Quadrupedal manipulators require to be compliant when dealing with external forces during autonomous manipulation, tele-operation or physical human-robot interaction. This paper presents a whole-body controller that allows for the implementation of a Cartesian impedance control to coordinate tracking performance and desired compliance for the robot base and manipulator arm. The controller is formulated through an optimization problem using Quadratic Programming (QP) to impose a desired behavior for the system while satisfying friction cone constraints, unilateral force constraints, joint and torque limits. The presented strategy decouples the arm and the base of the platform, enforcing the behavior of a linear double-mass spring damper system, and allows to independently tune their inertia, stiffness and damping properties. The control architecture is validated through an extensive simulation study using the 90kg HyQ robot equipped with a 7-DoF manipulator arm. Simulation results show the impedance rendering performance when external forces are applied at the arm's end-effector. The paper presents results for full stance condition (all legs on the ground) and, for the first time, also shows how the impedance rendering is affected by the contact conditions during a dynamic gait.

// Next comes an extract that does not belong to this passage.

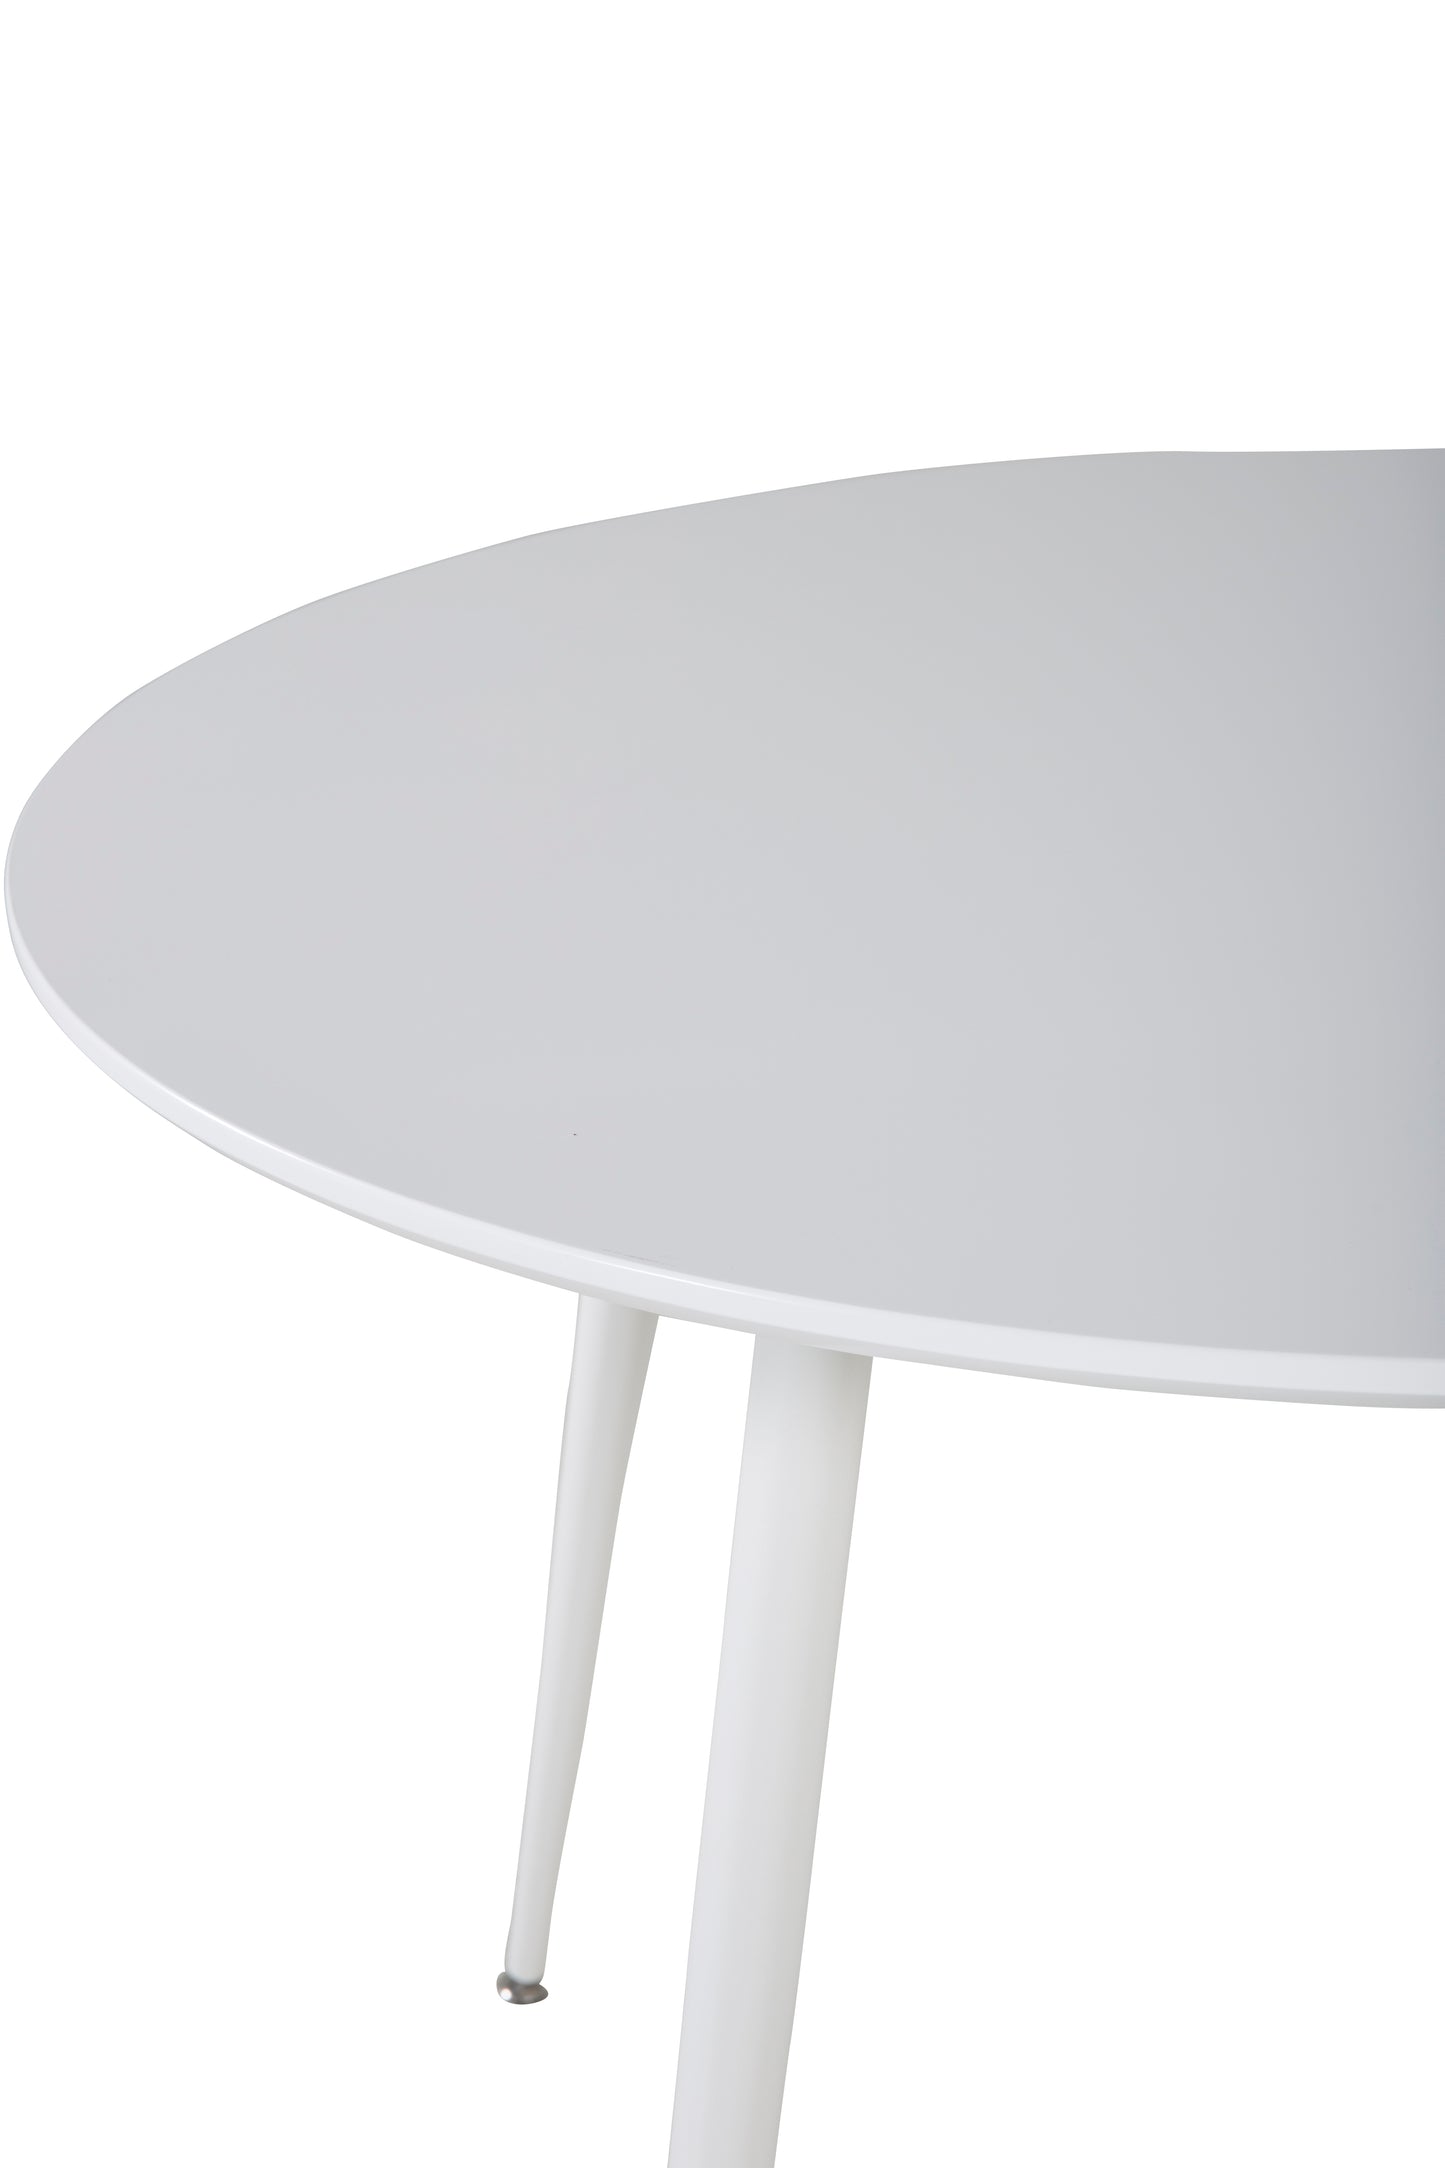 Venture-Design | Plaza - Runder Tisch 100 cm - Weiße Platte / Weiße Beine

翻译：四重操纵者在自主操作、远程操作或人体-机器人相互作用期间与外部力量打交道时,必须服从于四重操纵者的要求。本文件展示了全机控制器,允许实施全机控制器,以协调跟踪机器人基地和操纵器臂的性能和所需合规性能。控制器是通过一个优化问题来配制的,使用Quadratic编程(QP)来为系统强加一种理想的行为,同时满足摩擦锥体限制、单方面武力限制、联合和扭伤限制。提出的战略解除了平台的手臂和基底,强制执行了线性双质量弹跳系统的行为,并允许独立调节其惰性、僵硬性和阻力特性。控制结构通过使用配备了7DoF操纵器臂的90公斤HyQ机器人进行广泛的模拟研究得到验证。模拟结果显示,当外部力量在手臂的终端效应下应用时,其性能会受到阻碍。本文展示了完全定位状态的结果(所有双腿在地面上),并首次展示了阻力在动态条件下如何受到影响。